I like to feed people.  I'm not 100% sure what it is, but there is something about feeding people that just makes me happy.  Really happy.  So, this particular direction toward the least of these is no hardship for me.  Admittedly, some are more difficult than others...

So, how about a few stories...  I would love to hear yours...


One of my favorite "feeding hungry people" journeys happened at a Women of Faith Conference.  I'm not really awesome in retreat situations that include other people, unless I'm speaking.  Then I hope I'm awesome.  But, of course, I'm not so awesome as to be asked to speak at such a huge conference, so on this particular weekend I was an overwhelmed spectator - overwhelmed by the sheer volume of ladies... and their perfume... and the fact that Sandi Patti was the featured artist, which just made this all the more painful for me.  The local church I attended at the time paid my way.  I went.  I think I may have digressed...

After the evening session, as I was walking back to the bus that brought me to this place, I noticed that many of the women were carrying their boxed lunches, or more accurately the garbage that was left in their boxed lunches, the food they didn't want to eat, condiments, used napkins, empty water bottles, etc.  Just before they passed under a bridge where a significant number of homeless people resided, they would add their garbage box to a growing pile on the sidewalk.  I'm sure they thought they were providing some sort of service to these people who had no food.  I'm sure their intent was good.  But it just left me speechless.  Here I was, standing in the midst of this large, overpriced gathering, watching women who just spent hours in worship, nervously sidestepping the least of these, not making eye contact, certainly not touching them, and feeling just a little bit smug, because, hey...  WE JUST FED THEM OUR GARBAGE!

It was a game changer for me.  I remember feeling really embarrassed to be a part of such a group, and I was also determined that these people were not going to eat garbage for breakfast.

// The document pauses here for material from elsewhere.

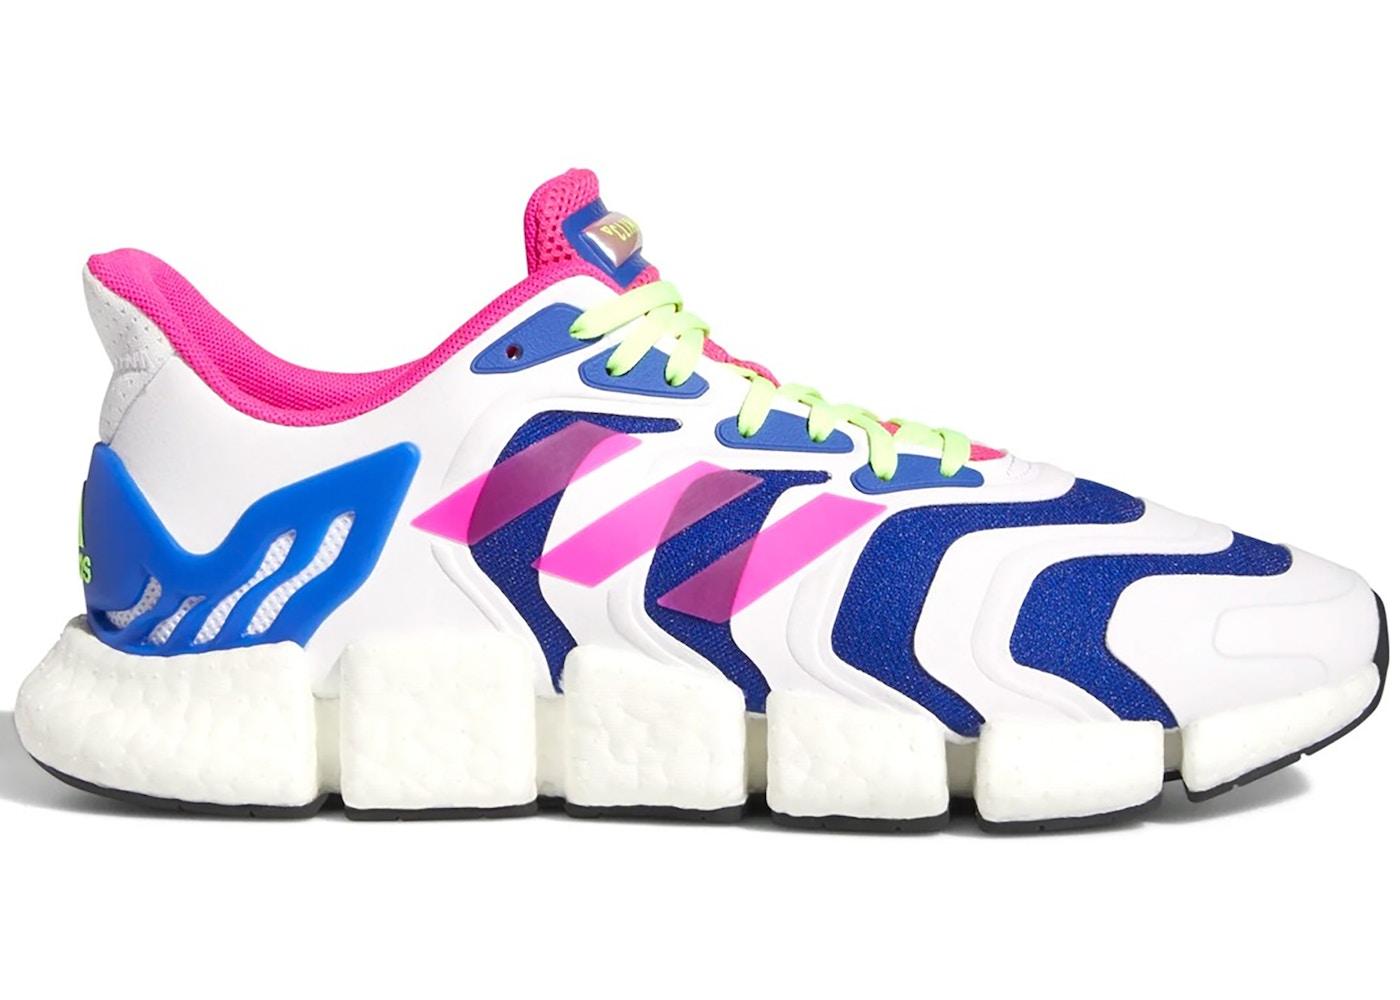 adidas Climacool Vento Shock Pink

Now, it is no easy task to slip the group at an event like this, but in the morning my roommates and I managed to overshoot the convention center for a chance to wait in line at Dunkin' Donuts, where we purchased a variety of bagels.  We went back to the bridge, passed the food out to each person, and took just a moment to greet them, bless them, be blessed by them.  Undoubtedly, it was the most rewarding part of the weekend.  I honestly can't remember a single thing any of the retreat speakers said, but I can still see the tears in the eyes of some of those people under the bridge. 

My only regret is that I haven't had this kind of opportunity in a long time...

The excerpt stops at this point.